Saman, Katia Ricciarelli e Cruciani zittiscono gli islamici in tv: «Basta, rispettate le nostre leggi»

venerdì 18 Giugno 13:11 - di Redazione
Saman

«Possibile che nessuno ha capito che sarebbe finita così?». Katia Ricciarelli, ospite in studio di Paolo Del Debbio a Dritto e rovescio, parla di Saman Abbas, la 18enne pakistana sparita da un mese e mezzo. La cantante d’opera e attrice si scalda: «Nessuno ha fatto niente in tutti questi anni? – è l’accusa alle autorità e allo Stato italiano – Poi improvvisamente se ne accorgono, fanno quello che devono fare e scappano, e vanno via tutti. Questa è una cosa tremenda, non sta né in cielo né in terra».

Katia Ricciarelli: «È ora di finirla, stiamo attenti a chi viene in questo Paese»

«È ora di finirla – si infervora la Ricciarelli –, stiamo attenti a chi viene in questo Paese straordinario, lo stiamo riducendo così… Scusa se mi arrabbio, ma non è possibile. Io quando vado nei loro Paesi faccio sempre attenzione a quello che si può o non si può fare, per rispetto. È possibile che quando vengono da noi non succede la stessa cosa?».

Cruciani: «Forse Saman poteva essere salvata»

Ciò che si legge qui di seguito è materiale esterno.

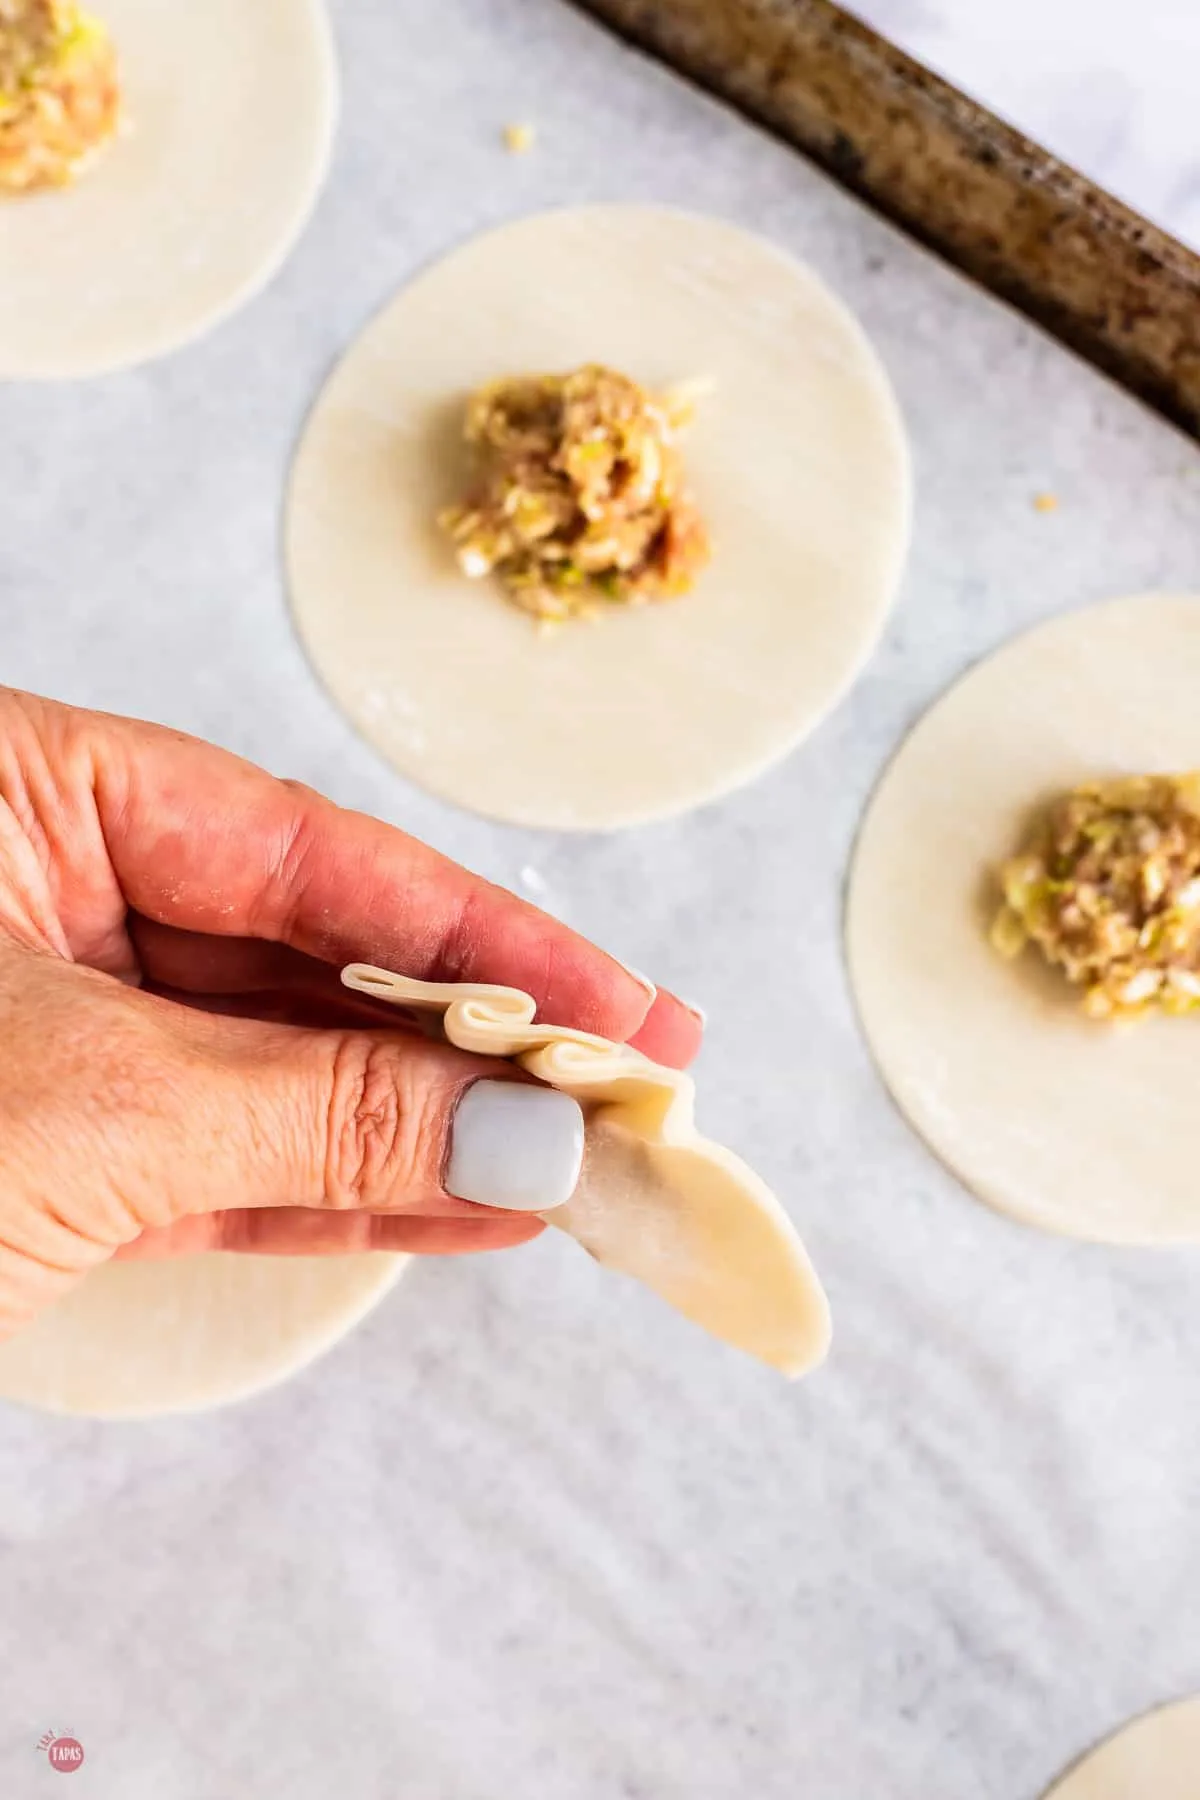 pleats in dumpling dough

Sulle responsabilità di assistenti sociali e autorità italiane punta anche Giuseppe Cruciani: «In questa vicenda la responsabilità della morte della ragazza è della famiglia, dello zio, di chi avrà materialmente commesso l’omicidio. Ma non possiamo negare che una parte di responsabilità ce l’abbiamo anche noi – sottolinea il giornalista e conduttore de La Zanzara su Radio 24 –. Chi doveva controllare meglio, chi aveva ricevuto dei segnali inequivocabili di un pericolo immediato, imminente, che c’erano tutti. Ma che non sono stati colti o pesati bene. Forse Saman poteva essere salvata, se i funzionari del Comune o le forze dell’ordine fossero intervenuti prima. Sicuramente si sarebbe potuta salvare».

Saman, Cruciani contro la sinistra

Cruciani poi passa all’attacco: «Purtroppo il segretario del Pd ha detto solamente una cosa, in un’intervista e che si tratta di femminicidio. Ora in realtà dire che si tratta di femminicidio o che è un omicidio nato per il patriarcato è una stupidaggine pazzesca. Il patriarcato e il femmicidio non c’entrano nulla sono concetti che fanno parte di vicende che possono capitare in contesti non religiosi. Qui è tutto nel Corano dove la donna ha un ruolo inferiore, per dirla in maniera edulcorata.  Poi è vero che viene declinato in modo diverso a seconda dei contesti e delle situazioni… Però la realtà che in molti contesti la donna è considerata inferiore, lo dicono le leggi, le usanze… Ma negare come fa una parte consistente della sinistra italiana che la matrice di tutto sia una interpretazione fondamentalista dell’Islam è una follia pura».

Caterina Collovati: «Il velo per noi italiani è un simbolo di censura»

In studio anche Caterina Collovati e una donna che si è convertita all’islam. L’opinionista ha spiegato cosa il velo simboleggi realmente in Italia. «Nel momento in cui la suora non vuole più indossare il velo può lasciare quell’ordine religioso. Ed è un segnale che indica l’abbandono della vita terrena per avvicinarsi sempre di più a quella spirituale. Non c’è nessun tipo di costrizione da parte dell’uomo che hai accanto, che ti impone quella veste – ha spiegato la Collovati 0. Mi deve spiegare con 40 gradi all’ombra qual è la scelta di libertà. Per noi italiani, cara signora, il velo rimarrà sempre un simbolo di censura, di negazione, di privazione della femminilità di una donna».